Start of Information provided

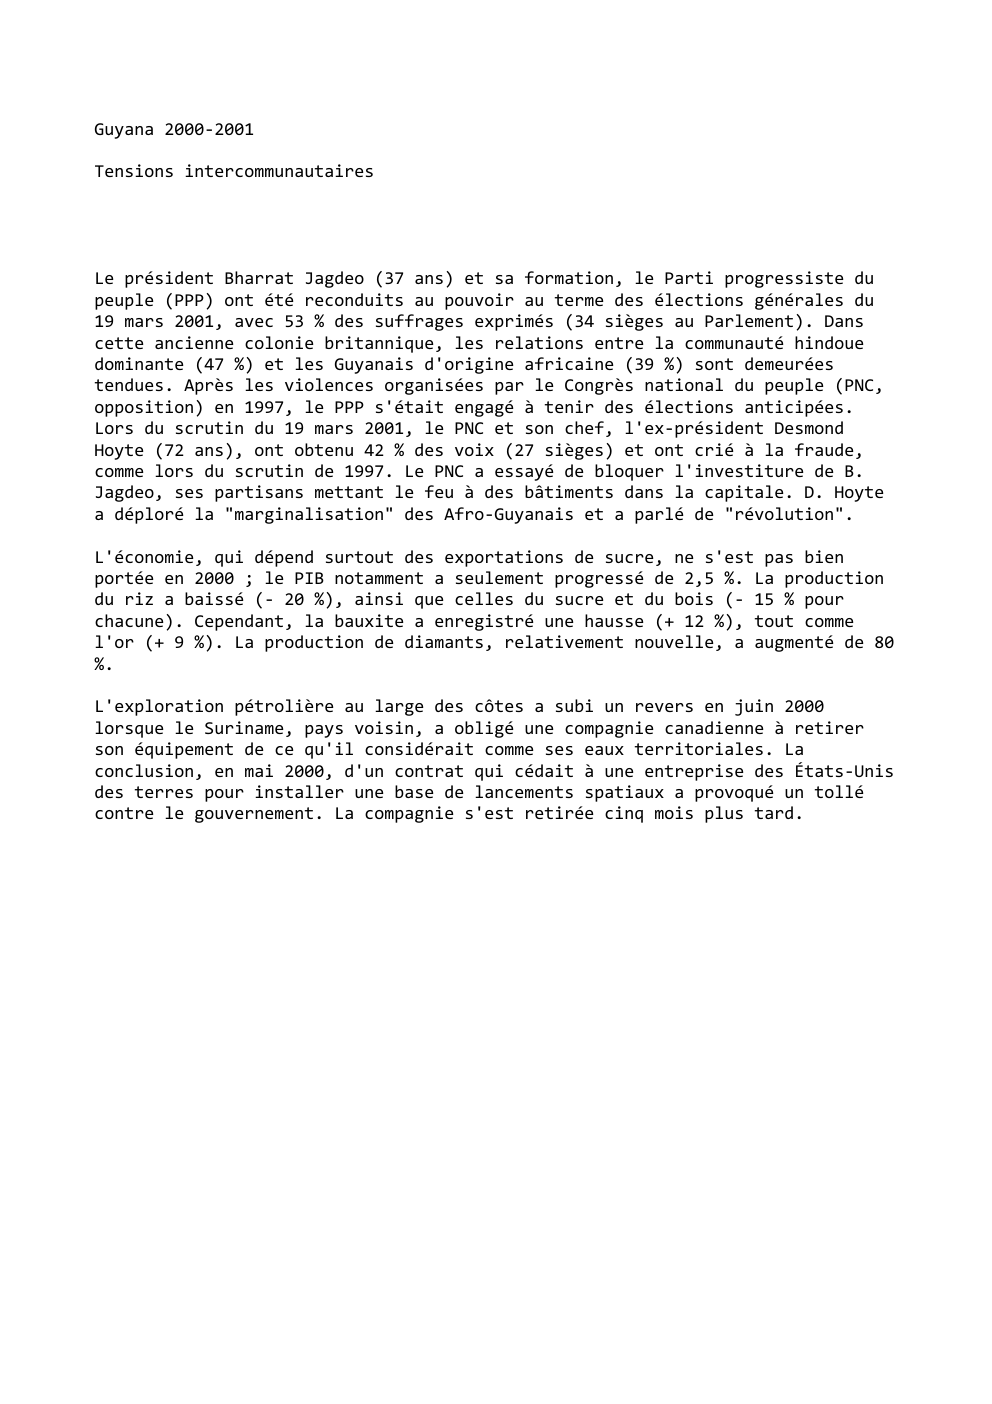 Prévisualisation du document Guyana 2000-2001
Tensions intercommunautaires

Le président Bharrat Jagdeo (37 ans) et sa formation, le Parti progressiste du
peuple (PPP) ont...

End of Information provided

All lines from the one containing "Le président Bharrat" through the final line of the listing above are to be reproduced exactly; include both and add nothing.

* _Completed exercise_:
Le président Bharrat Jagdeo (37 ans) et sa formation, le Parti progressiste du
peuple (PPP) ont...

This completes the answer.